A faithful copy of the data below is required, leaving out every picture.

### Information shown ###

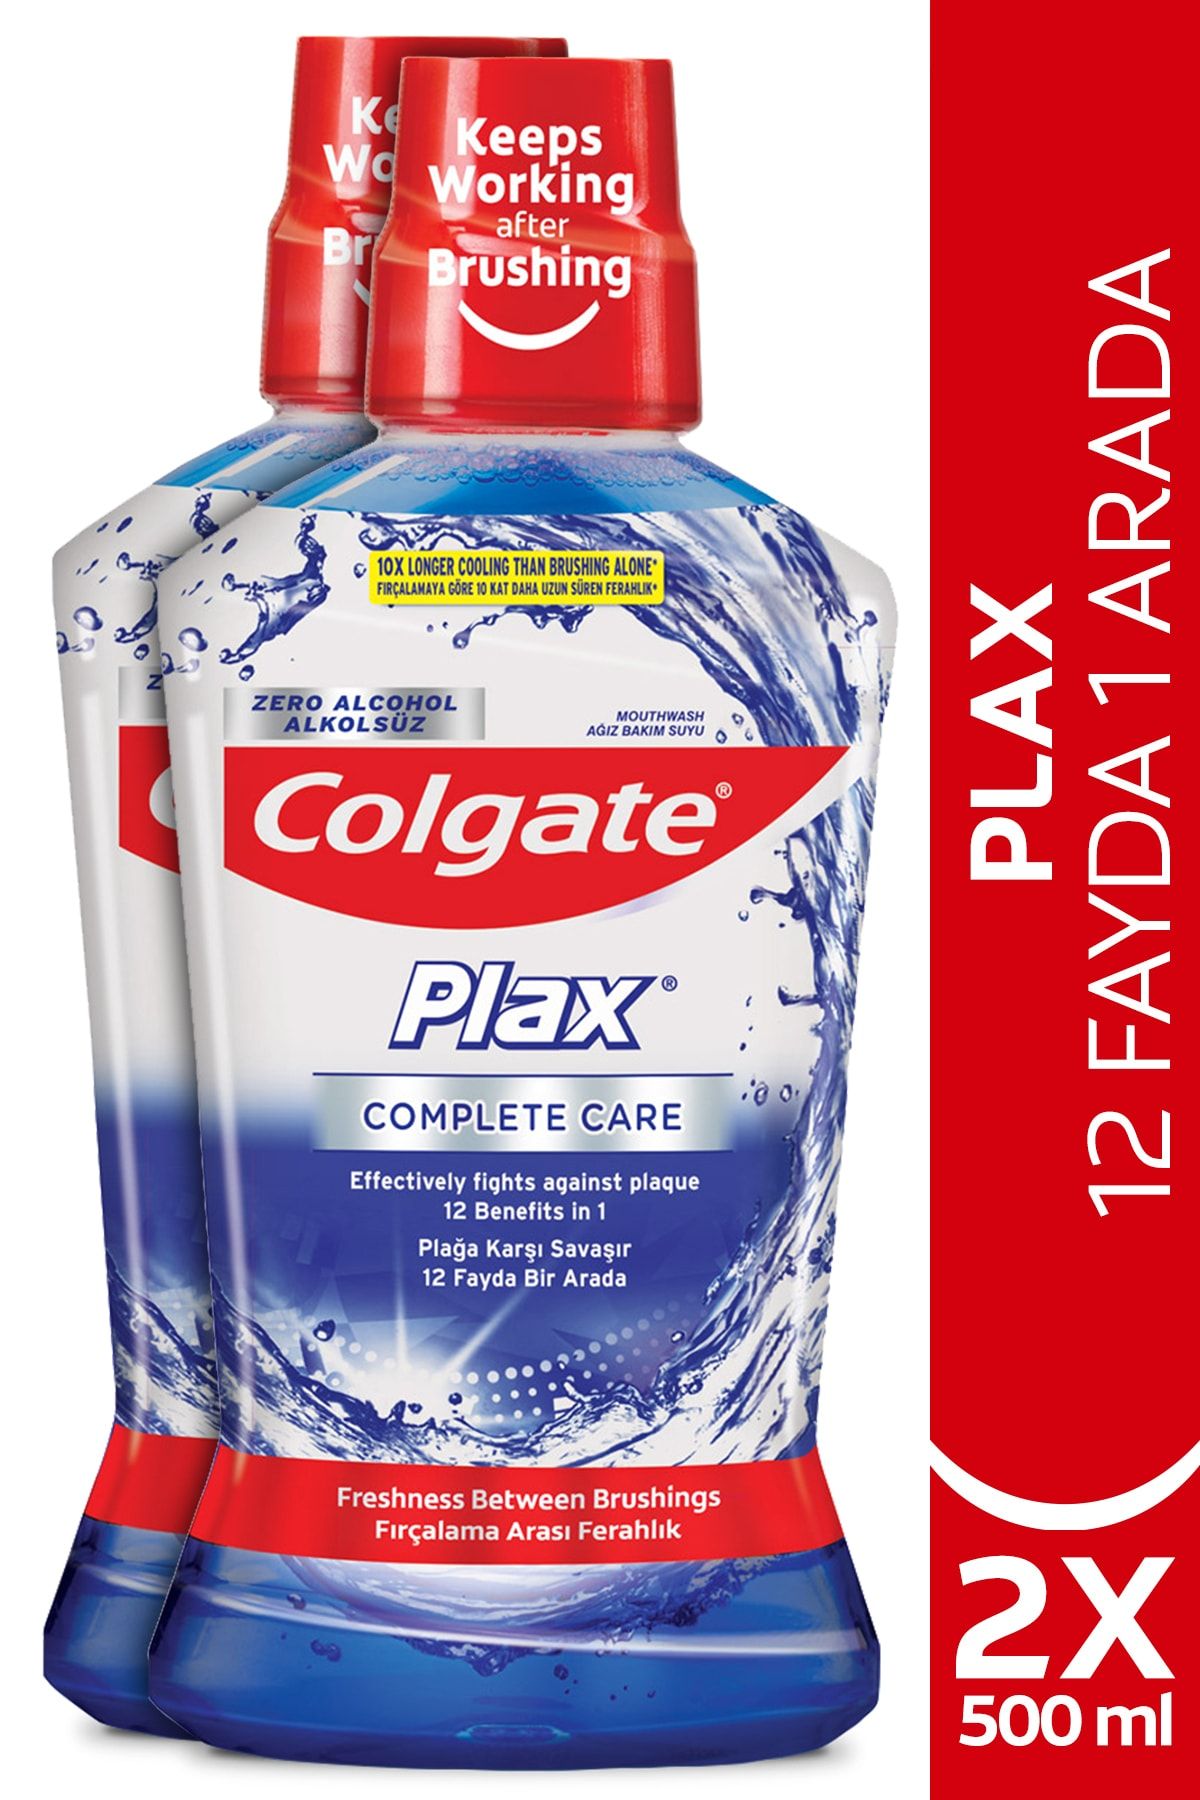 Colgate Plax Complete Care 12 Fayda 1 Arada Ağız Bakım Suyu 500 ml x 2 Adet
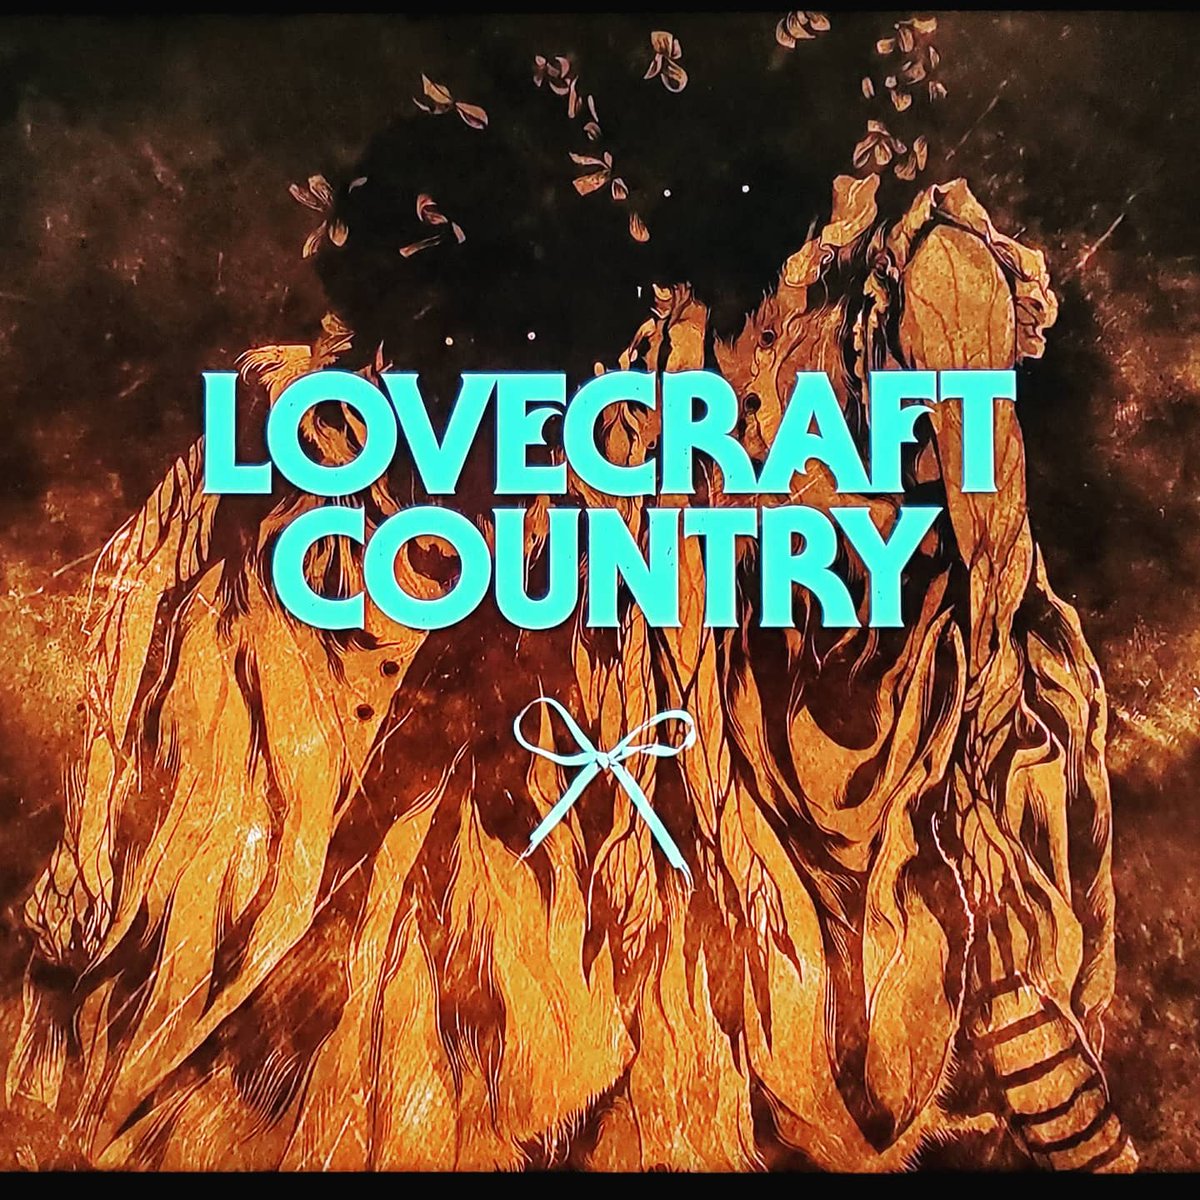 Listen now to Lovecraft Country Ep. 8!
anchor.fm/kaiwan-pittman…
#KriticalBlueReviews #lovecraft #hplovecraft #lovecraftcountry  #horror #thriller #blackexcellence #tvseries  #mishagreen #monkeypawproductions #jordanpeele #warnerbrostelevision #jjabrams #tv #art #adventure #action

###

■ Written answer:
 Colgate Plax Complete Care 12 Fayda 1 Arada Ağız Bakım Suyu 500 ml x 2 Adet
 Listen now to Lovecraft Country Ep. 8!
anchor.fm/kaiwan-pittman…
#KriticalBlueReviews #lovecraft #hplovecraft #lovecraftcountry  #horror #thriller #blackexcellence #tvseries  #mishagreen #monkeypawproductions #jordanpeele #warnerbrostelevision #jjabrams #tv #art #adventure #action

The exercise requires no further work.